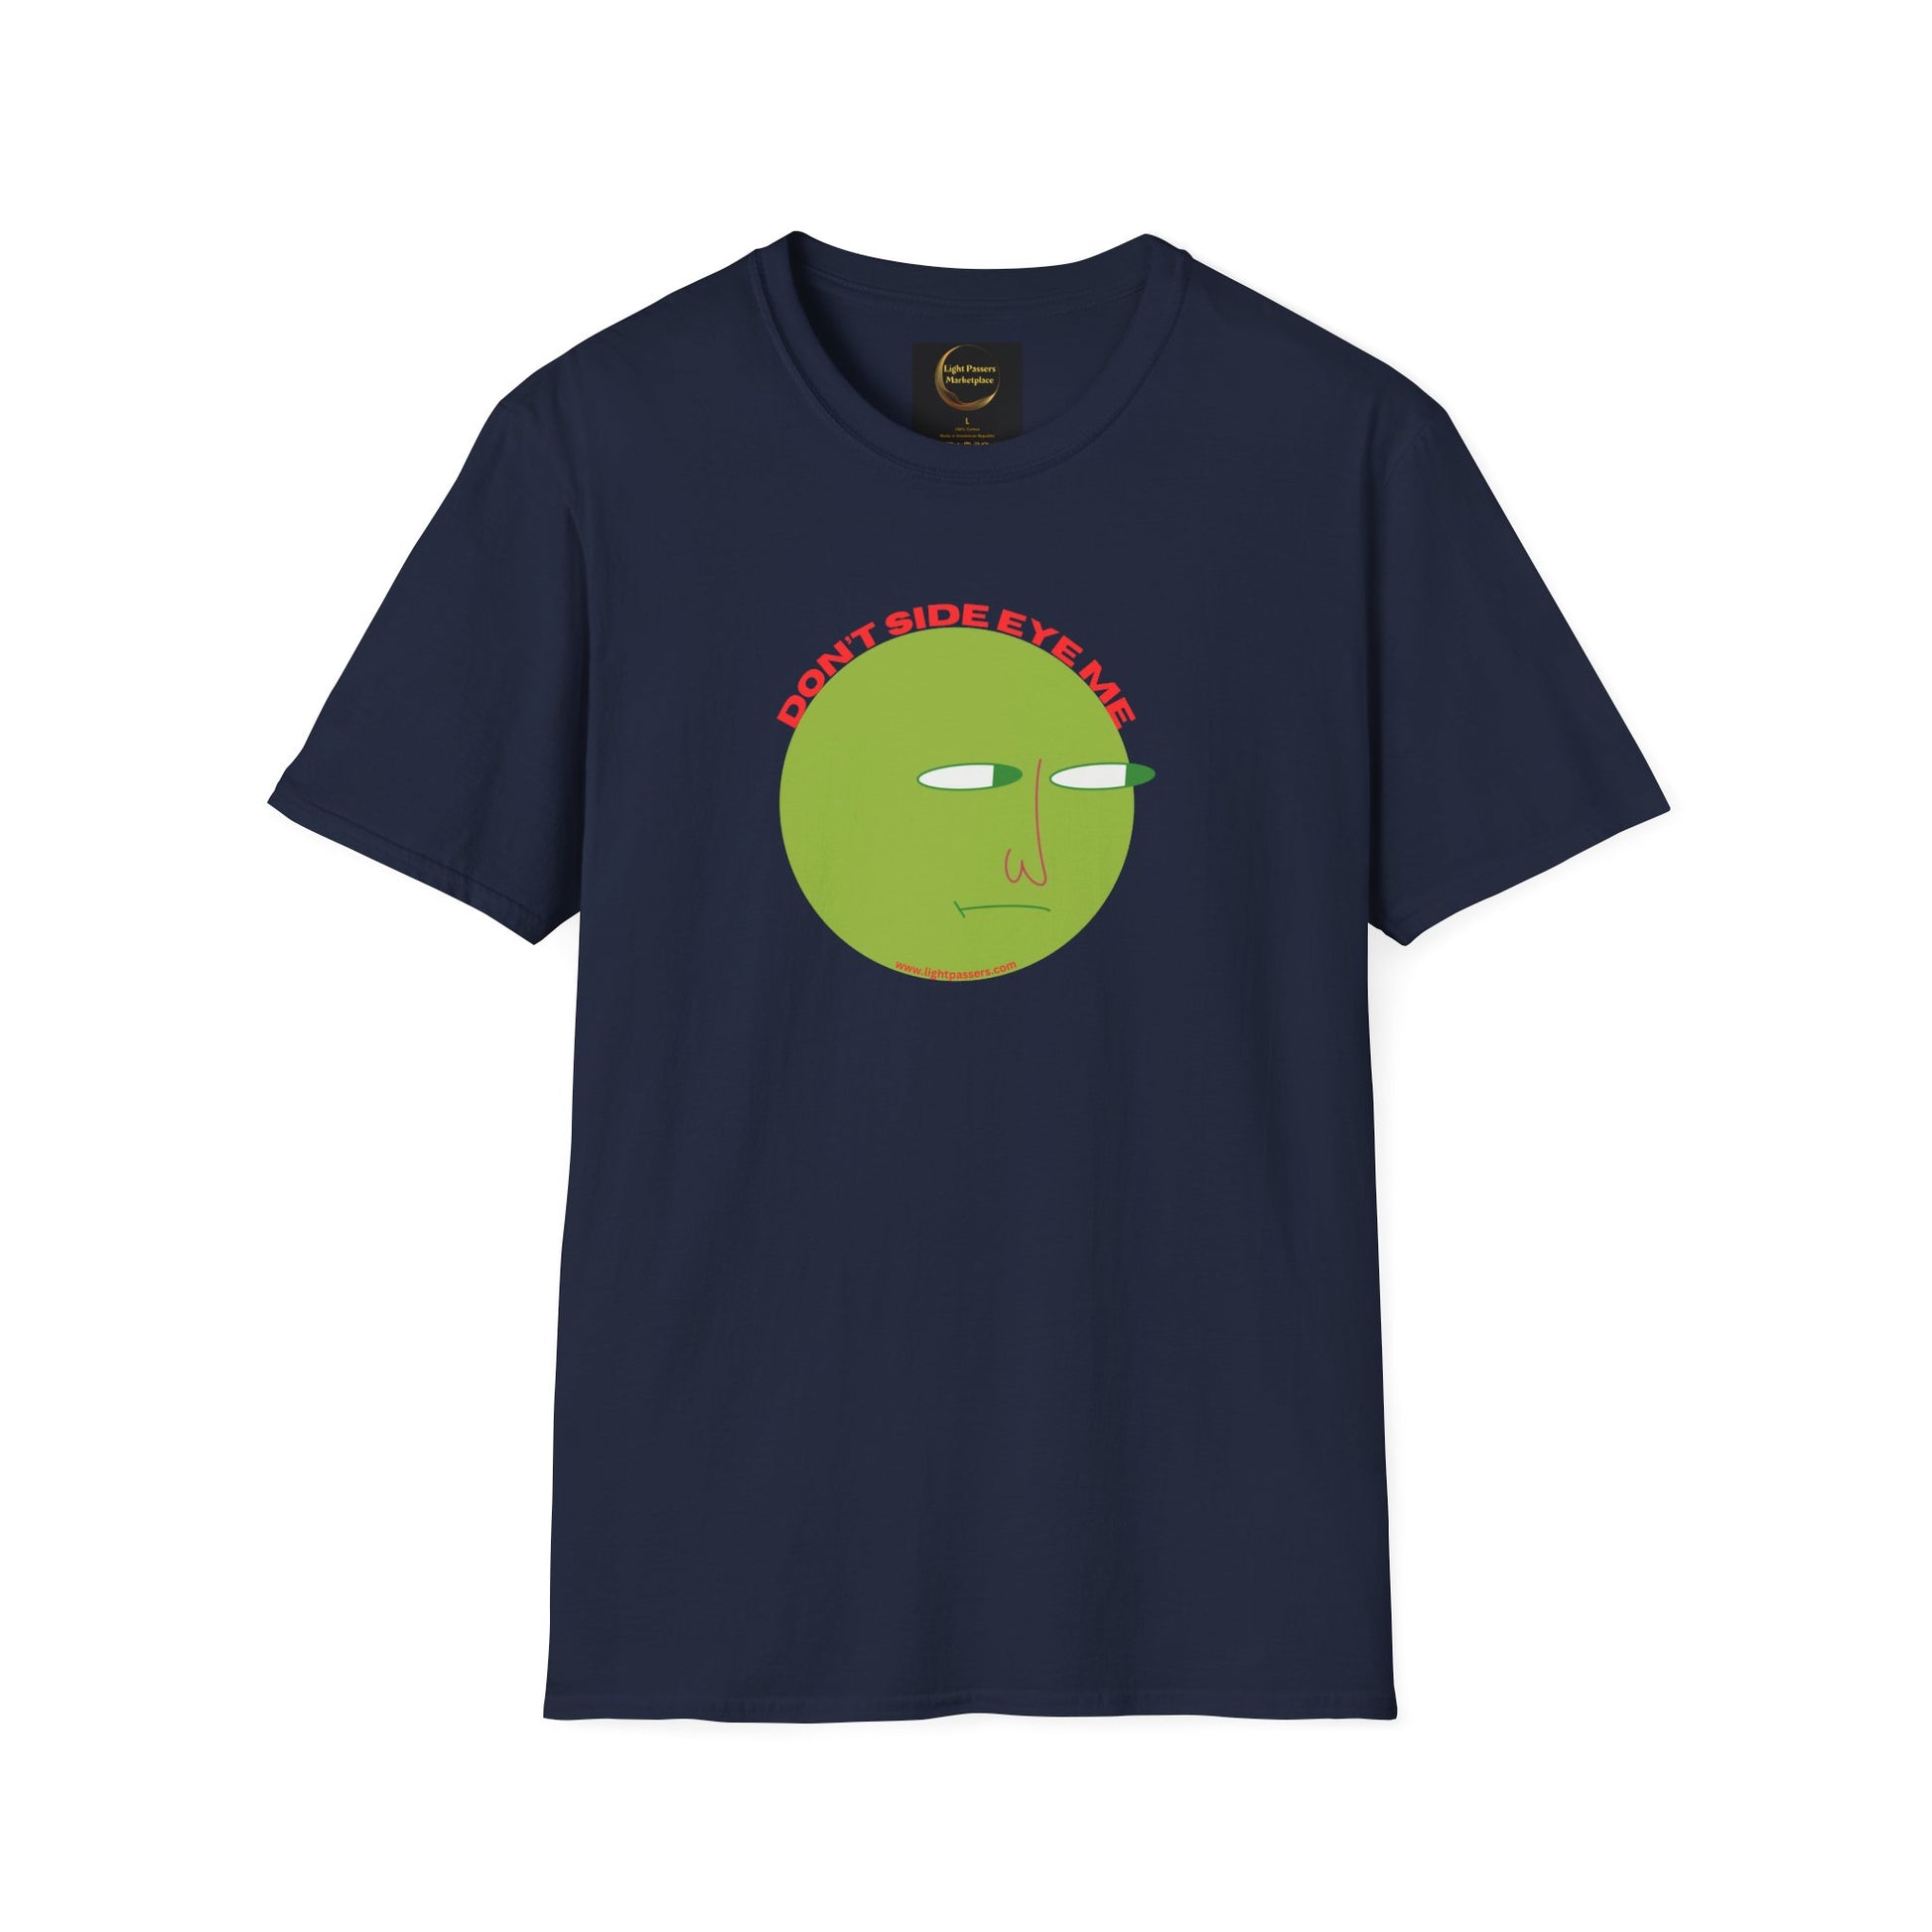 A blue unisex t-shirt featuring a green face graphic, made of soft 100% ring-spun cotton. Classic fit with twill tape shoulders and ribbed collar for durability and comfort. Ethically sourced and Oeko-Tex certified.
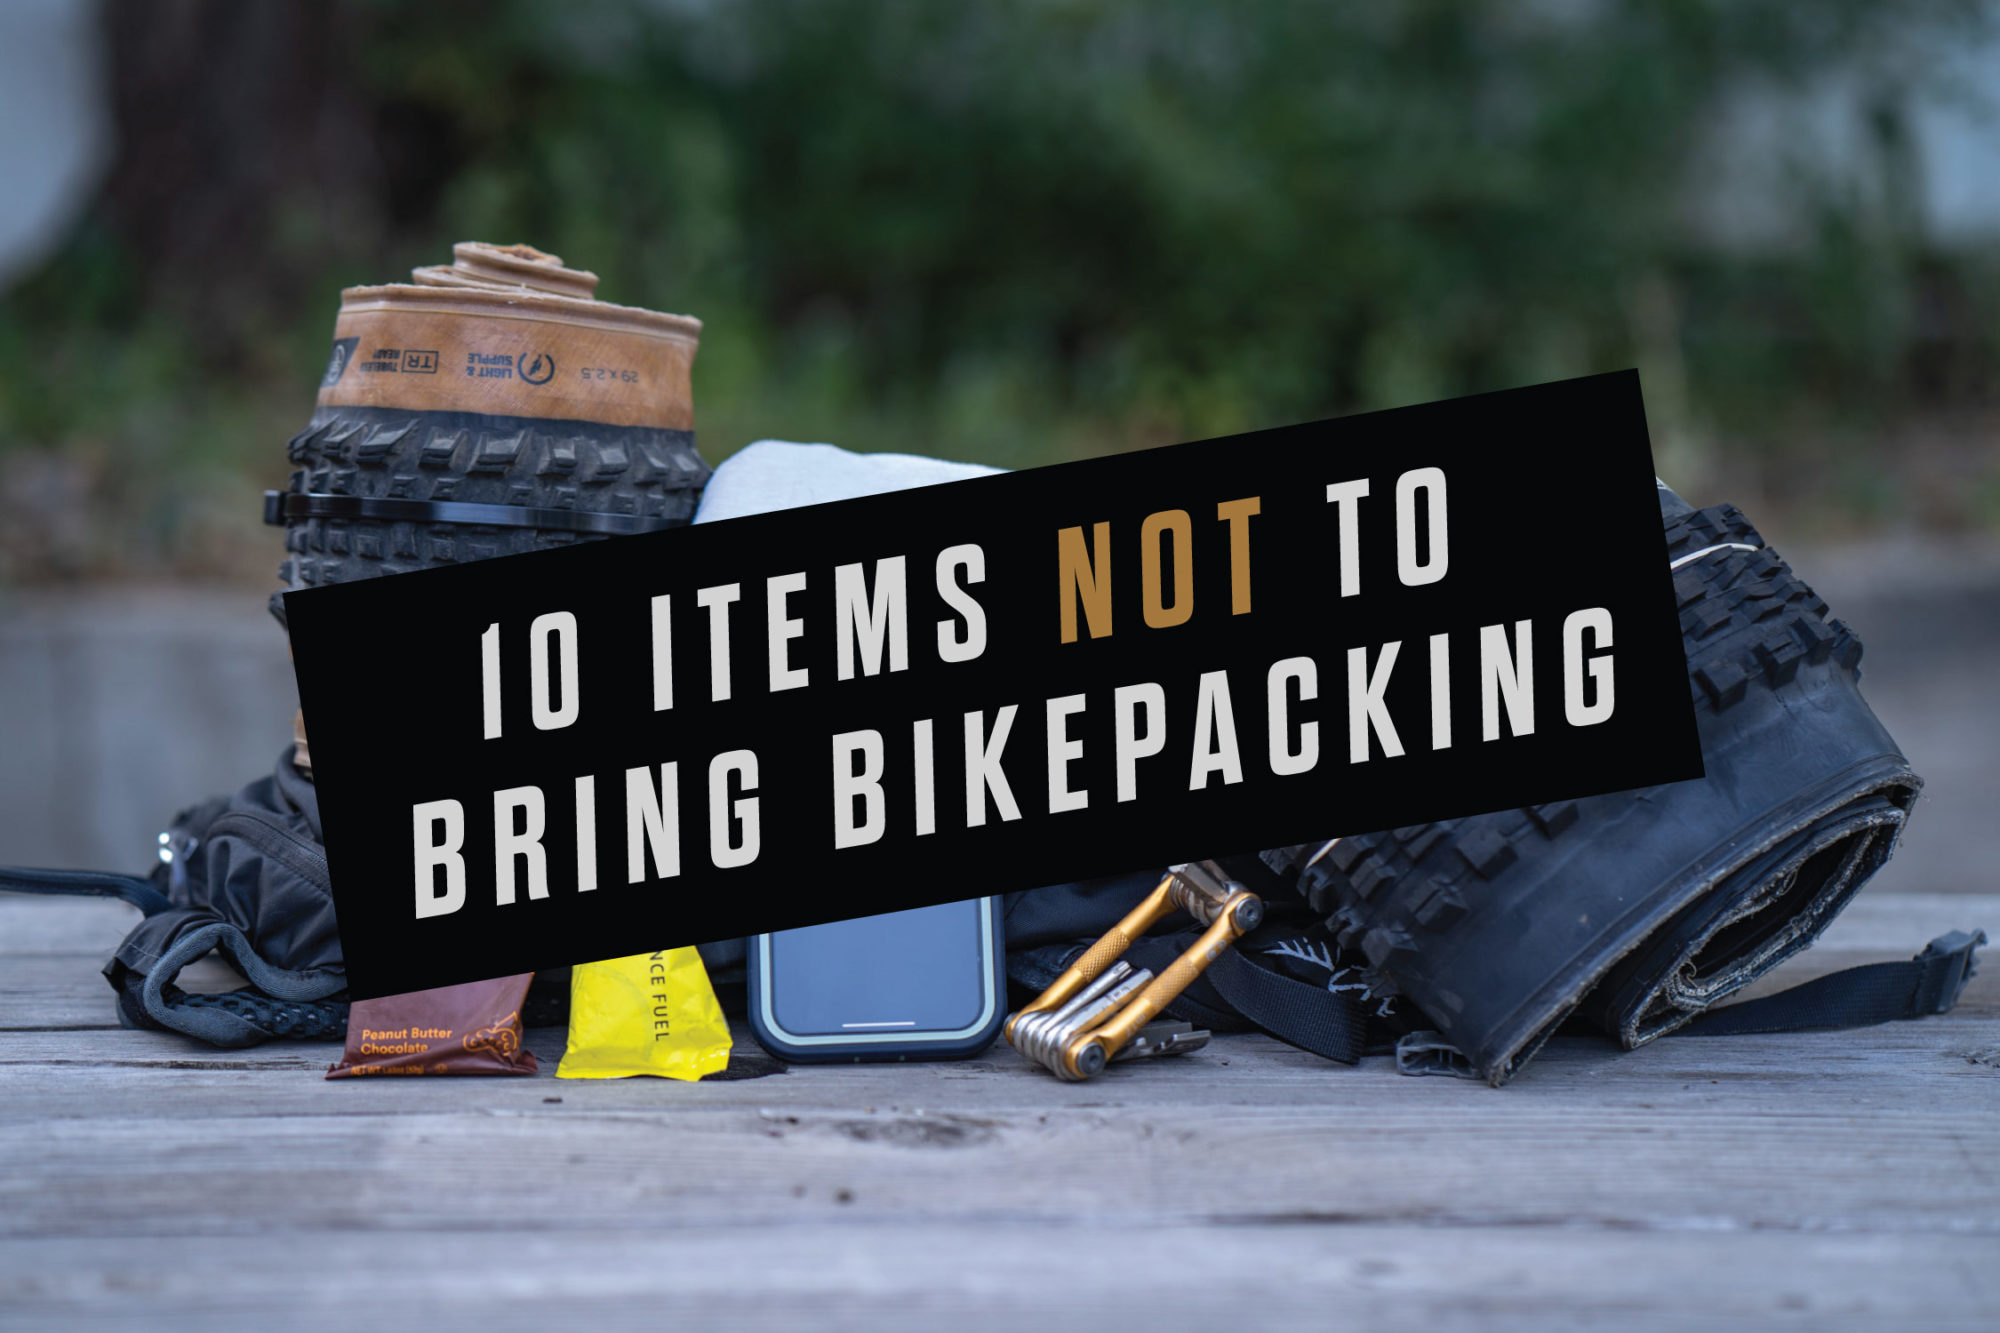 10 Items Not To Bring Bikepacking
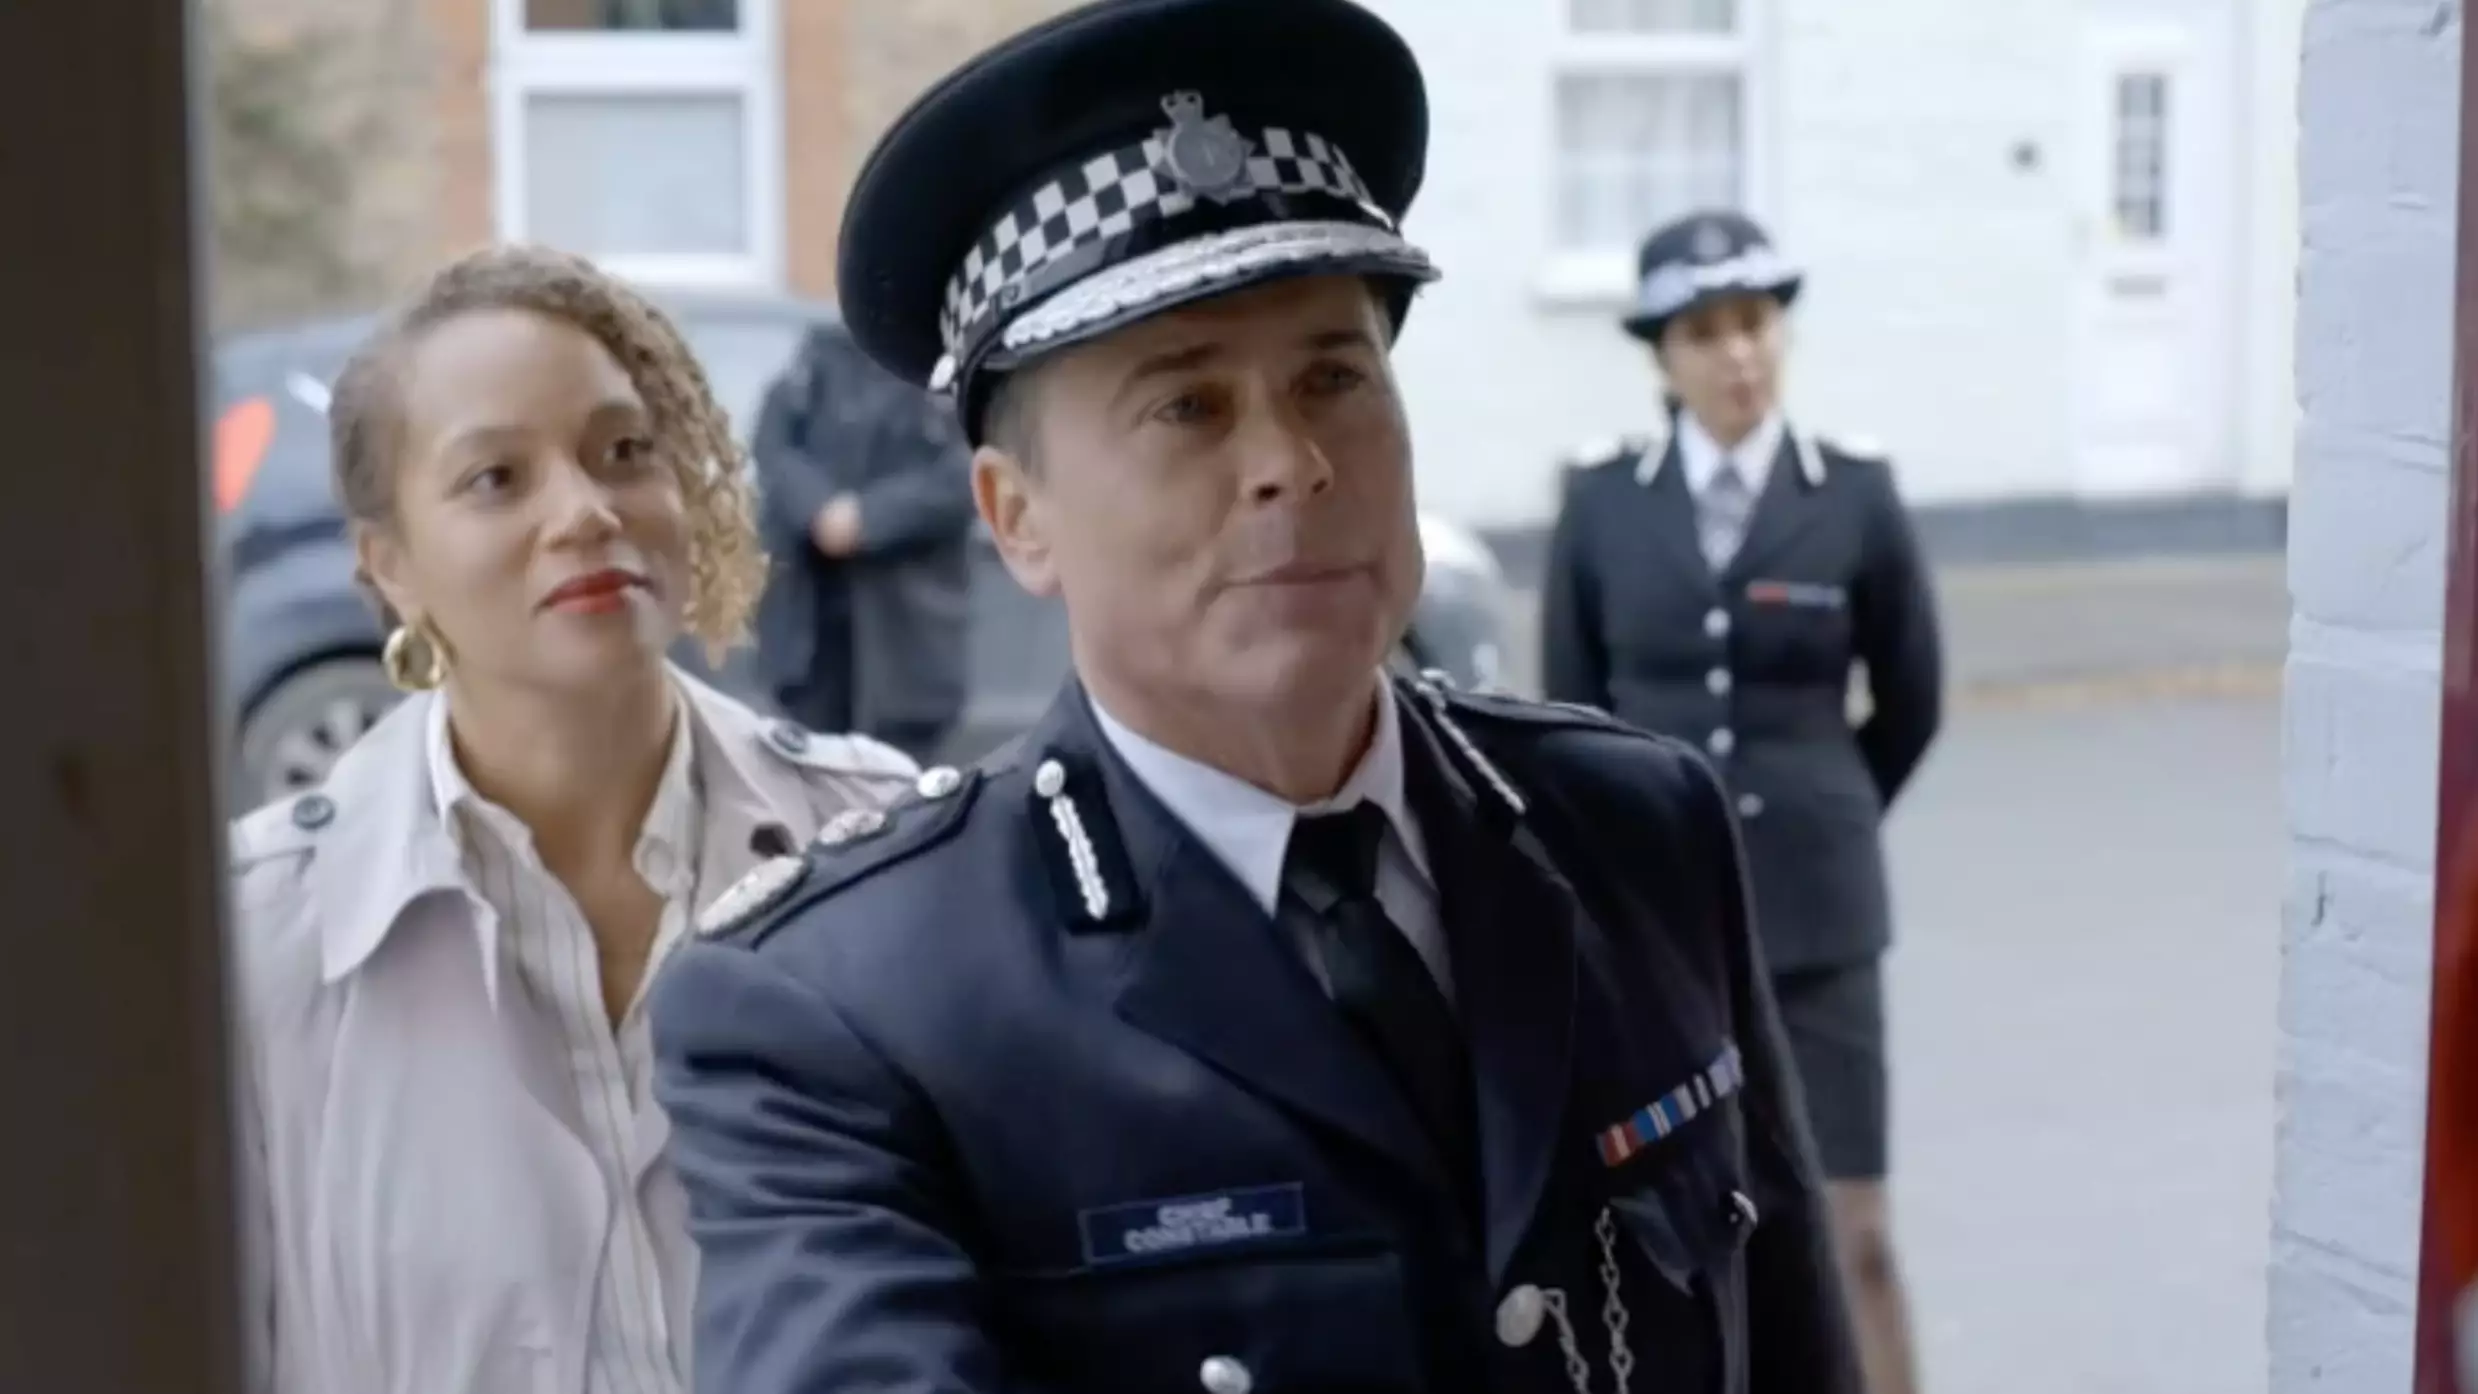 ITV Releases ‘Wild Bill’ Trailer - Its New Police Drama Tipped To Be The Next 'Luther’
------------
Starting with the line that contains "10 Items Not To Bring Bikepacking", print every line through the end of the data exactly as written; omit all pictures and add nothing else.

- EXERCISE RESULT:
 10 Items Not To Bring Bikepacking
 ITV Releases ‘Wild Bill’ Trailer - Its New Police Drama Tipped To Be The Next 'Luther’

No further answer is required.